Based on what I know about these is that having a correctly leveled and machine compacted base, usually crushed gravel, under the pavers. They are basically like open concrete blocks layed on their sides. So a good solid underlayment is a must to prevent uneven settlement or broken blocks. Especially if cars are parking on it.


----------



## Pete Thornton (Jan 2, 2008)

Jim,
Chesapeake Bay Foundation is heavily in eco-friendly construction. Their building here in Bay Ridge, MD, has a 'permeable' parking lot. It looks as if it is made with pavers like the ones you are contemplating. Send them an email and ask?
http://www.cbf.org/about-cbf/offices-operations/philip-merrill-environmental-center


----------



## Greg Elmassian (Jan 3, 2008)

I do have limited experience. The grass surviving has a lot to do with the traffic, how often cars are parked on it. Both physical crushing and lack of light.
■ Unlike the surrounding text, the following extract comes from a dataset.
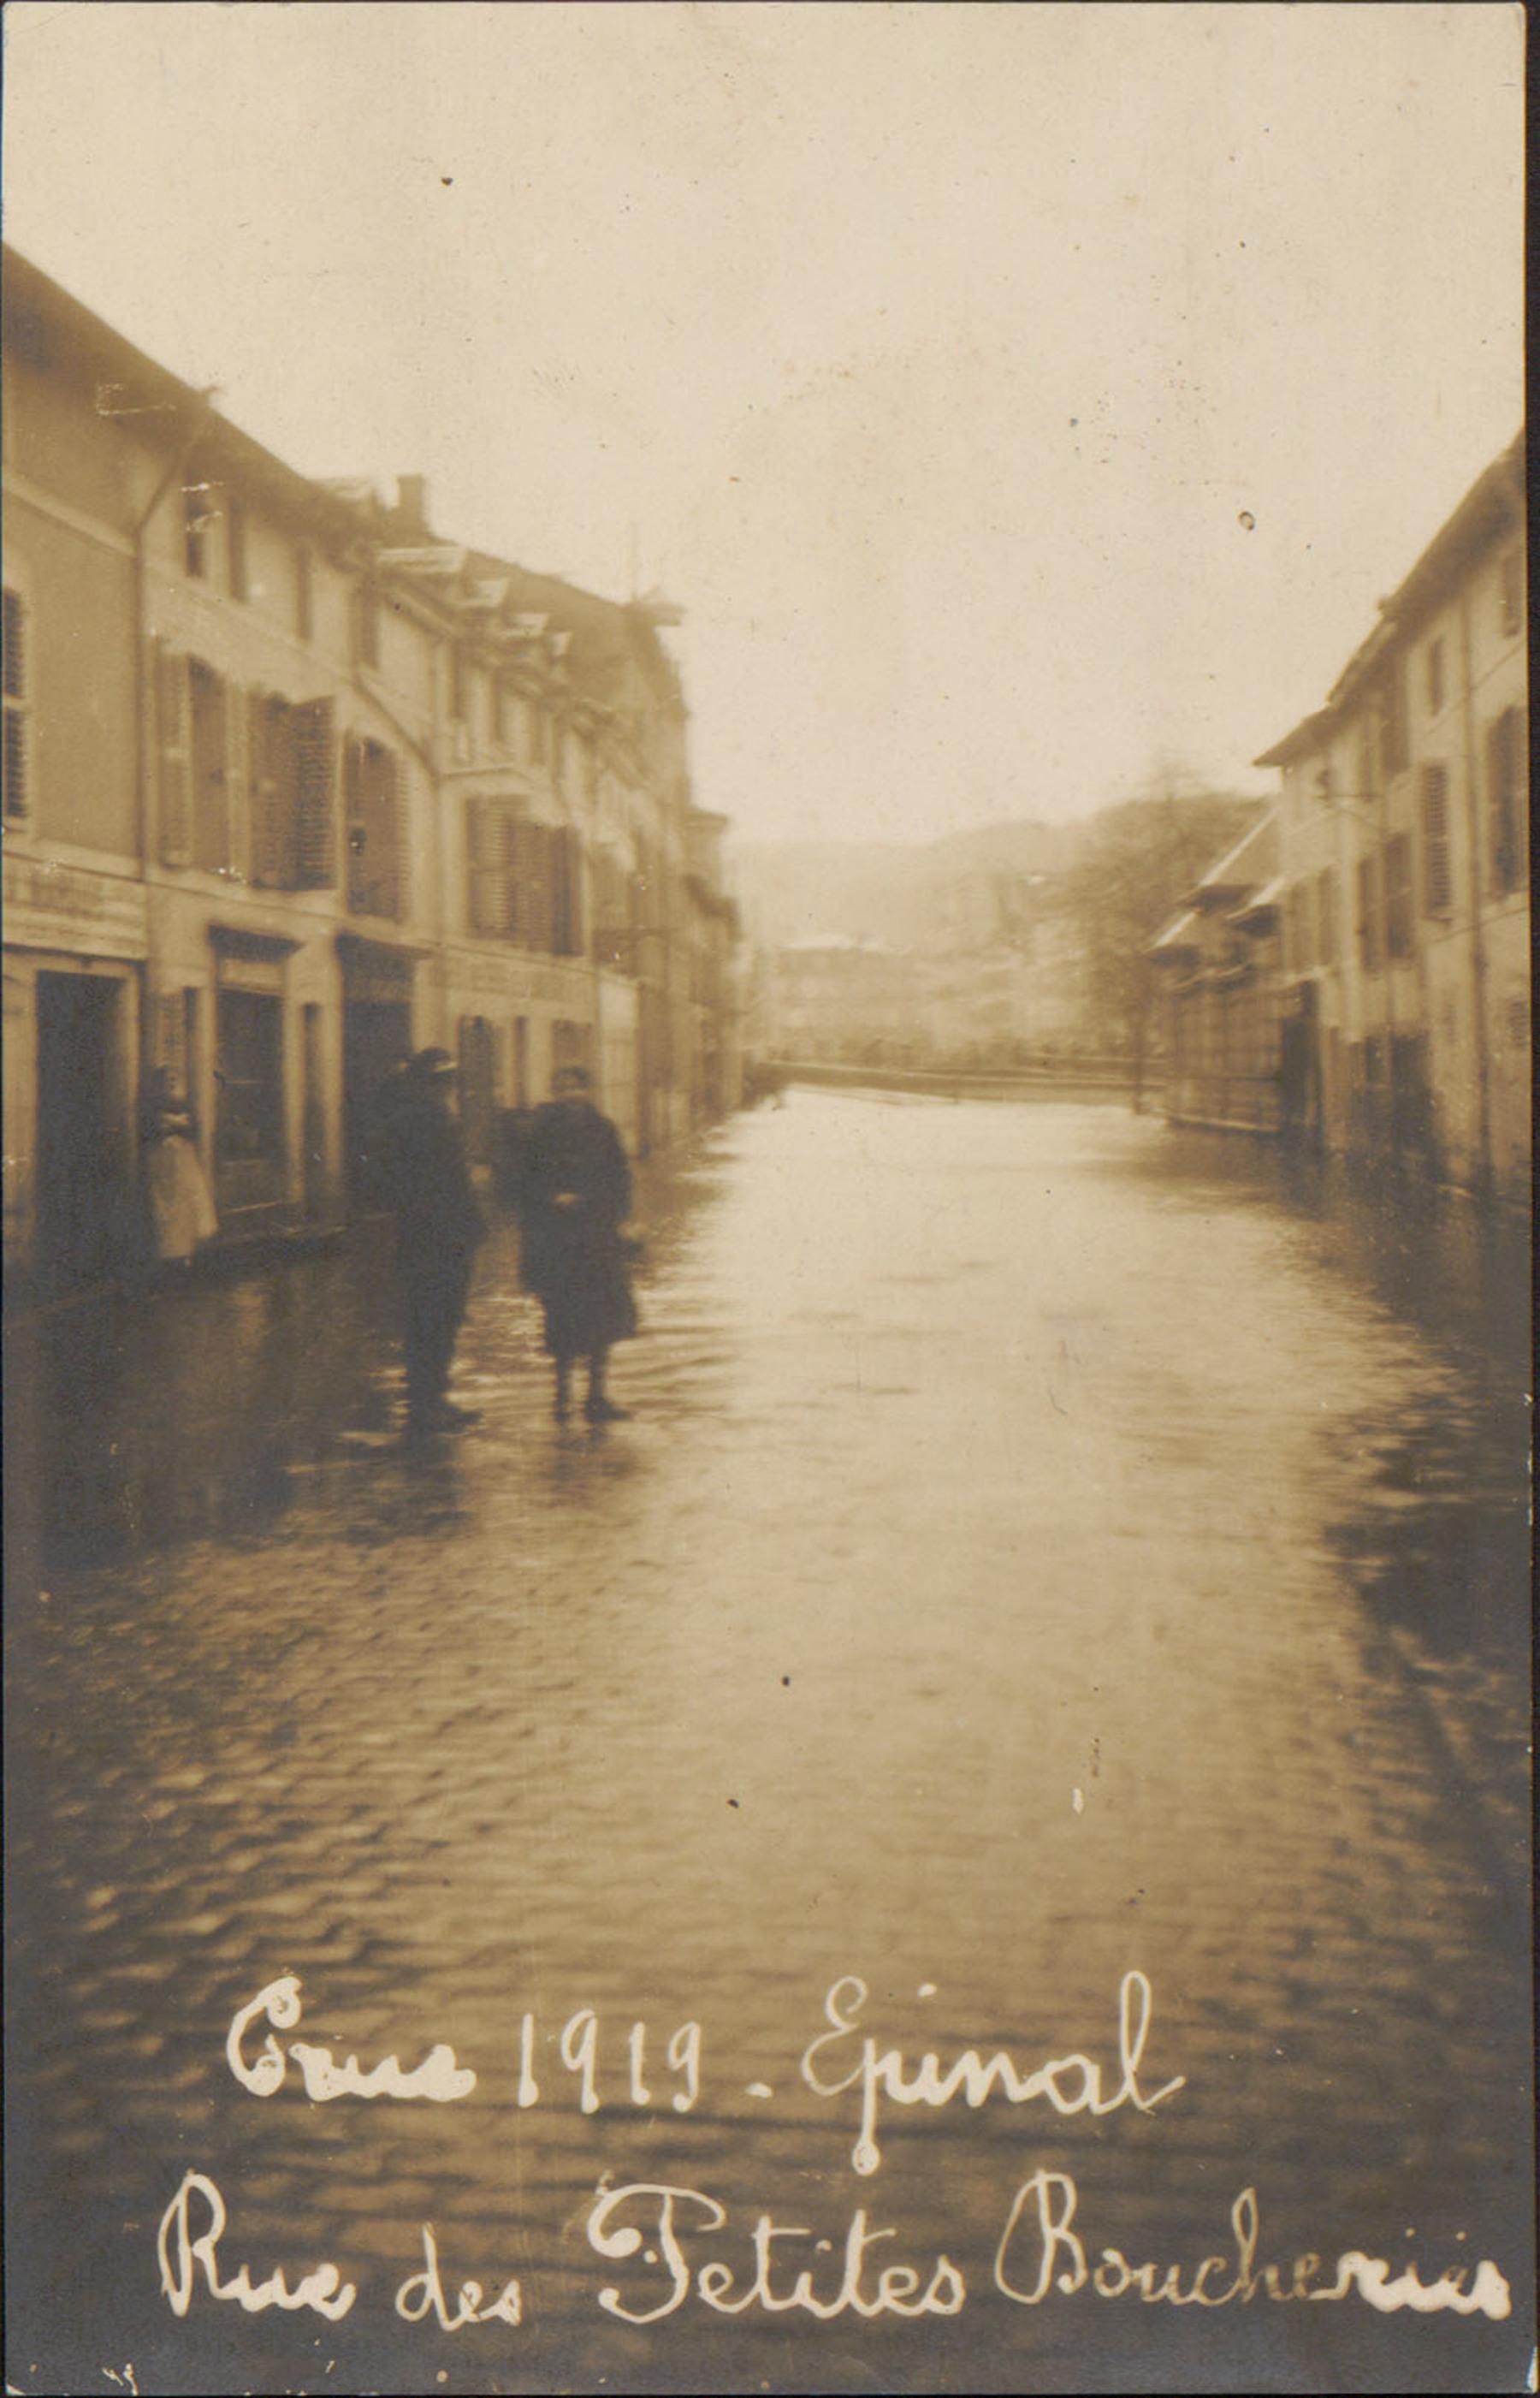 Contenu du Crue 1919 Épinal, Rue des Petites Boucheries
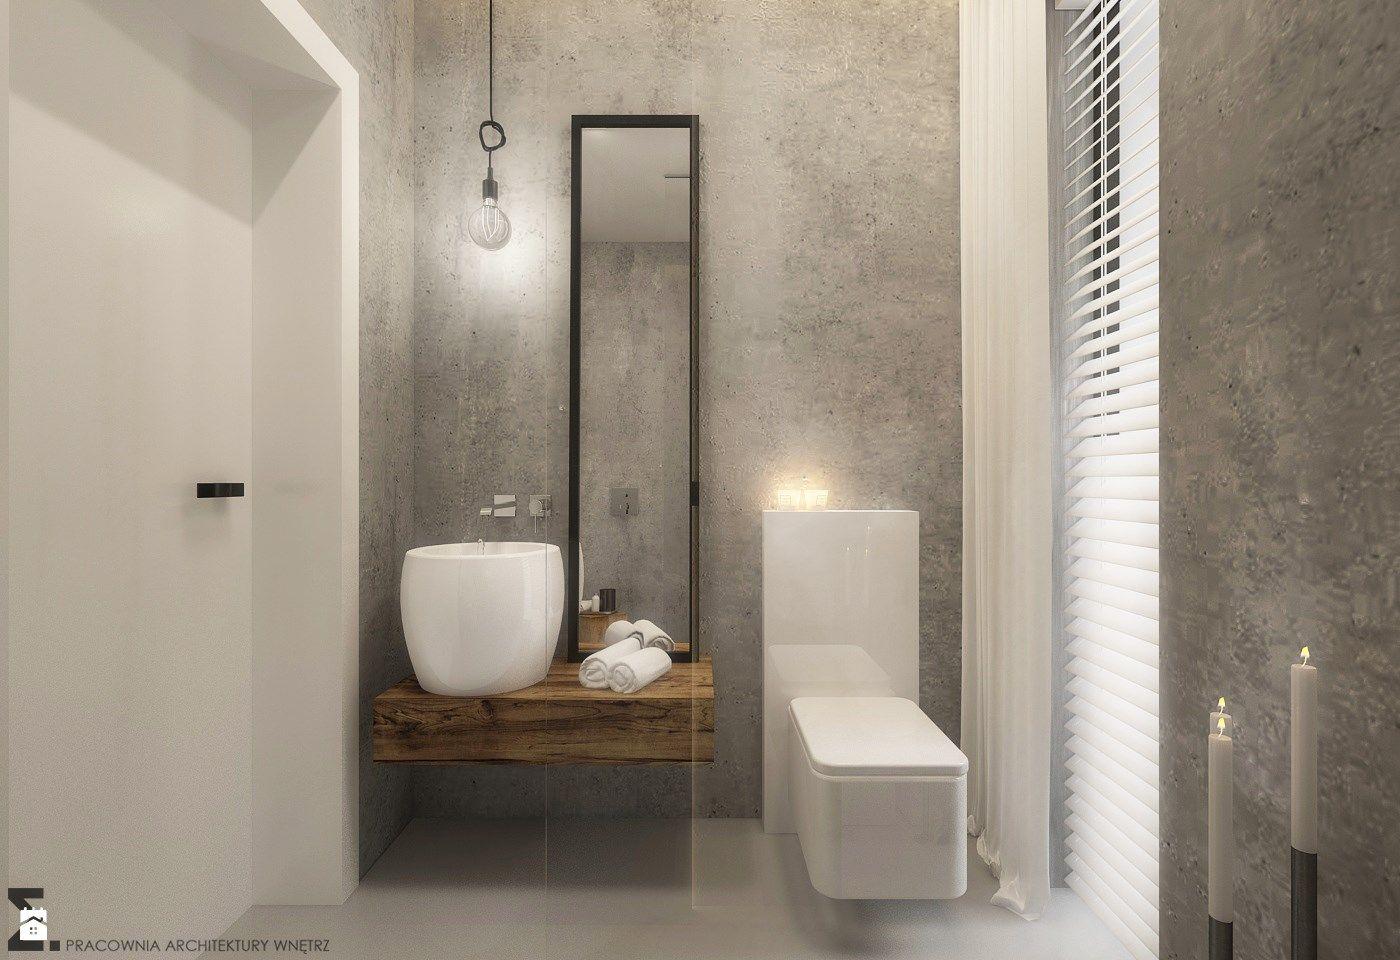 Wystrój Wnętrz Mała łazienka Z Betonem Na ścianie

The people I know who have tried it found it much less durable than they thought, but in my opinion, were trying to use it as a driveway, like the apron in front of the garage doors.

These had medium sized "holes" for the grass. I cannot remember the manufacturer.

Regards, Greg


----------



## Dennis Paulson (Jan 2, 2008)

one of my best purchases ever , was at the TSC store , they were horse stall mats , black , and they have lasted for years and years , with foot traffic around the latout .


----------



## Greg Elmassian (Jan 3, 2008)

You have grass growing in them?


----------



## Dennis Paulson (Jan 2, 2008)

No grass in them , they are like a rubber mat , easy to walk on , easy to sweep off if needed , keeps a nice walking surface no matter how much it rains .
Which was my problem , soggy and poor walking on the grass and muddy , all resolved with the mats , they are made to handle the horses weight , walking people , no problem .

Sorry but , these are more for function , and maybe not so much for looks , I wanted something that worked well , which they do . Perhaps black rubber mats are not attractive .


----------



## Greg Elmassian (Jan 3, 2008)

Yeah, I believe the question was a system to be part "paver", part grass.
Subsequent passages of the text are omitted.